Returns the area in square meters of the polygon for latitude-longitude grids.
Note: This routine assumes grid lines on the connecting the vertices (as opposed to geodesics).
Two routines perform distance calculations for any projection.
Initializes the distance calculations. It is used both for the planimetric and latitude-longitude projections.
This routine computes the distance between two points in meters.
Initializes the distance calculations for the ellipsoid. It is used only for the latitude-longitude projection.
Calculates the geodesic distance between two points in meters.
The calculation of the geodesic distance is fairly costly. These next three routines provide a mechanism for calculating distance with two fixed latitudes and varying longitude separation.
Calculates the geodesic distance between two points set by G_set_geodesic_distance_latl() and G_set_geodesic_distance_lat2().
The following routines form the foundation of a general purpose line and polygon plotting capability.
Draws a line from one point to another using Bresenham's algorithm. A routine to plot points must be provided, as is defined as: point(x, y) plot a point at x,y.
This routine does not require a previous call to G_setup_plot() to function correctly, and is independent of all following routines.
Initializes the plotting capability. This routine must be called once before calling the G_plot_*() routines described below.
Plots line between latlon coordinates. This routine handles global wrap-around for latitude-longitude databases. See G_setup_plot() for the required coordinate initialization procedure.
Plots filled polygon with n vertices. See G_setup_plot() for the required coordinate initialization procedure.
Plots multiple polygons.

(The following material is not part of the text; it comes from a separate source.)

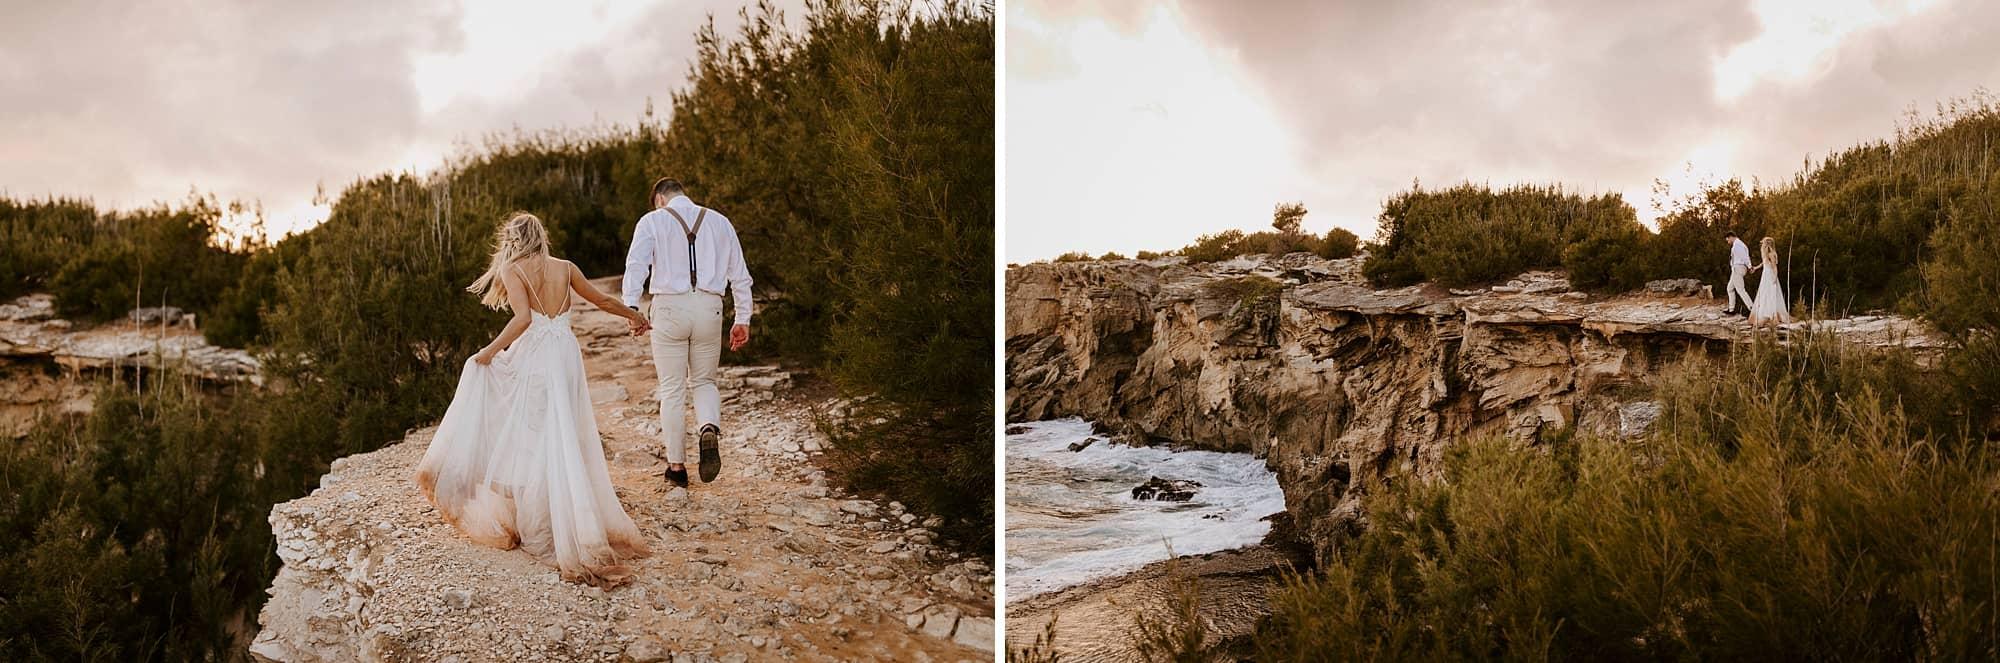 Kauai Hawaii Romantic Intimate Wedding Shipwreck Beach Portraits

Like G_plot_polygon(), except it takes a set of polygons, each with n vertices, where the number of polygons is specified with the rings argument. It is especially useful for plotting vector areas with interior islands.
The pixel coordinates x,y are converted to map coordinates east,north. See G_setup_plot() for the required coordinate initialization procedure.
The map coordinates east,north are converted to pixel coordinates x,y.. See G_setup_plot() for the required coordinate initialization procedure.
Often it is necessary for modules to use temporary files to store information that is only useful during the module run. After the module finishes, the information in the temporary file is no longer needed and the file is removed. Commonly it is required that temporary file names be unique from invocation to invocation of the module. It would not be good for a fixed name like "/tmp/mytempfile" to be used. If the module were run by two users at the same time, they would use the same temporary file. In addition systematic use of the /tmp directory could leave the system vulnerable to symlink attacks. The following routine generates temporary file names which are unique within the module and across all GRASS programs.
This routine returns a pointer to a string containing a unique file name that can be used as a temporary file within the module. Successive calls to G_tempfile() will generate new names.
Only the file name is generated. The file itself is not created. To create the file, the module must use standard UNIX functions which create and open files, e.g., creat() or fopen().
The programmer should take reasonable care to remove (unlink) the file before the module exits. However, GRASS database management will eventually remove all temporary files created by G_tempfile() that have been left behind by the modules which created them.
Note: The temporary files are created in the GRASS database rather than under /tmp. This is done for two reasons. The first is to increase the likelihood that enough disk is available for large temporary files since /tmp may be a very small file system. The second is so that abandoned temporary files can be automatically removed (but see the warning below).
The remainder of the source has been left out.